Shalini Swaminathan
An Ode to a Mother
15
Prose
An Ode to a Mother
I saw her in the market. She was wearing a ghagra and an odhni covering her head. To her narrow pushcart were attached inflated toys. Toys in cheap plastic in offensively bright colours. She called out to me, but I walked on, ignoring her. Finishing our purchases and our weekly quota of paani-poori and chaat, we were walking back when I saw her again. She called out again and we made eye contact. She motioned to me to buy her stuff and had a beseeching look on her face. I looked away. You are trying to sell them to the wrong person, I thought. My daughter is grown up and doesn’t play with toys like these anymore. Moreover, they look far too cheap. I wondered why she was even trying to market them in a metro. Who would have advised her to come here and try her luck, I thought. Hard luck!!!
She stood there looking at me. I found myself walking towards her and asking if she would like to eat something. She nodded. ‘Vada pav’? I asked. She mumbled ‘roti’ and then added, “I want to sell my fare but haven’t been able to.” There was a hint of pain in her voice. I sensed pride, too.

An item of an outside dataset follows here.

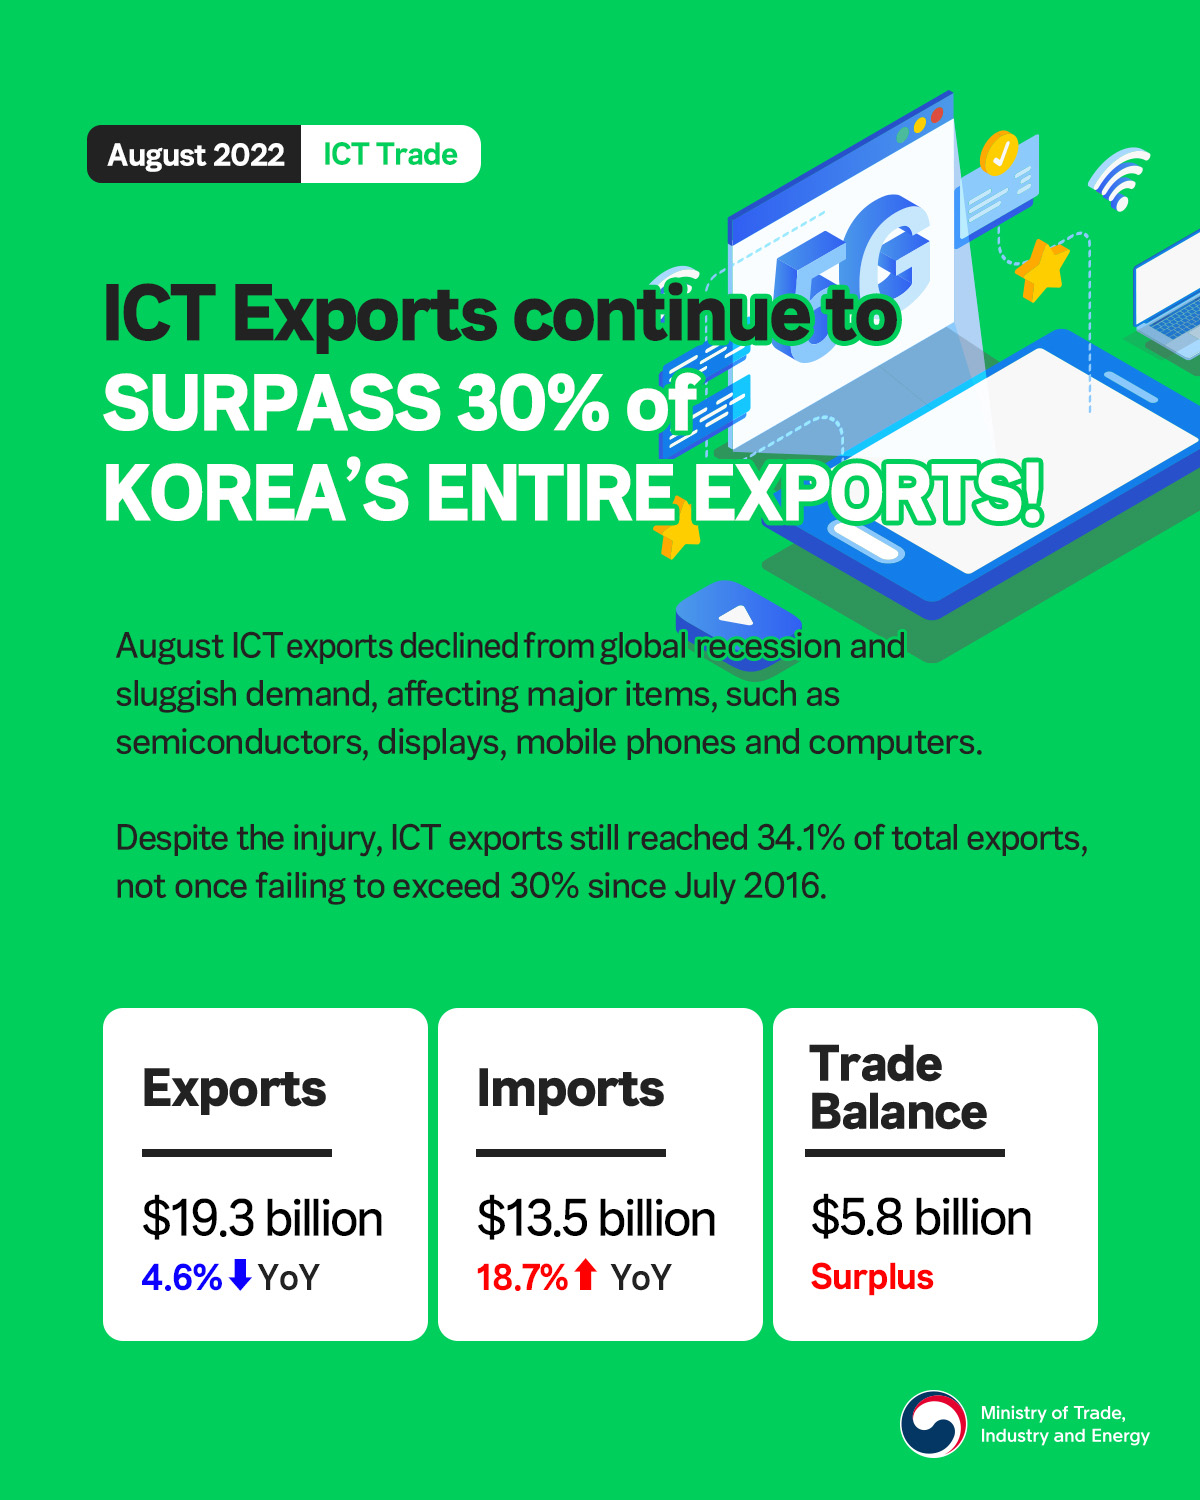 Korea's ICT exports decline 4.6% in August Image 0
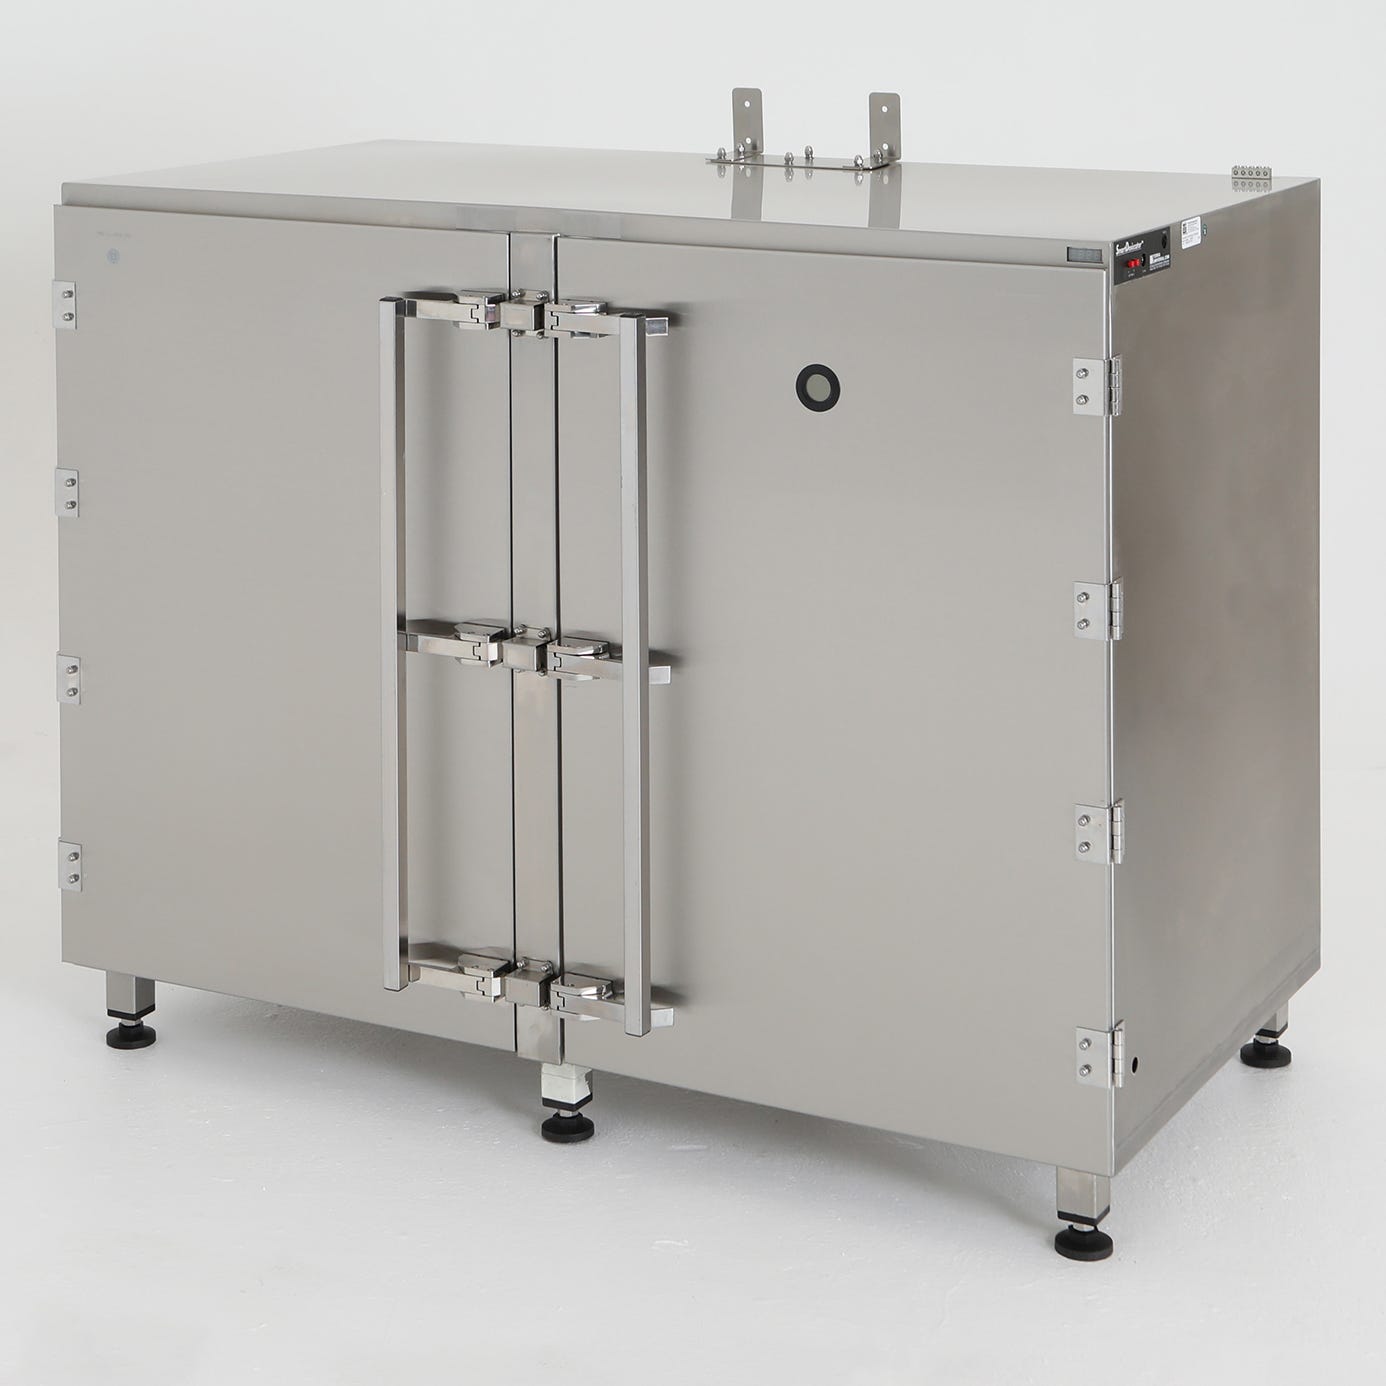 Terra Universal Drum Storage Desiccator Cabinet

“Doesn’t matter. My daughter is anyway too old for this,” I said.
I walked to the nearby shop and bought a packet of ‘pav’. She had followed me and was waiting outside. I handed over the packet to her. ‘Not this. I wanted aata. I can make rotis for my family.” she said. “Oh, okay. Anyway, keep this too,” I said, a tad sheepish at my not understanding her correctly, in the first instance. As I said this, the dirty polythene covering the front portion of the push cart lifted and a head peeped out. It was a girl of around nine or ten.
I went into the shop again and bought a one-kilo pack of aata. When I came back, the girl had opened the packet and was munching the pav. As I walked away, my thoughts were with the mother I had just met. A mother whose uppermost thoughts were about providing a meal for her child and probably a husband. When she asked for a packet of aata, she was thinking, not of the here and now, but about tiding over the next few days.
As we drove home, my mind could see her making rotis on the make-shift chulha and lovingly serving them to her girl. I hope she ate too.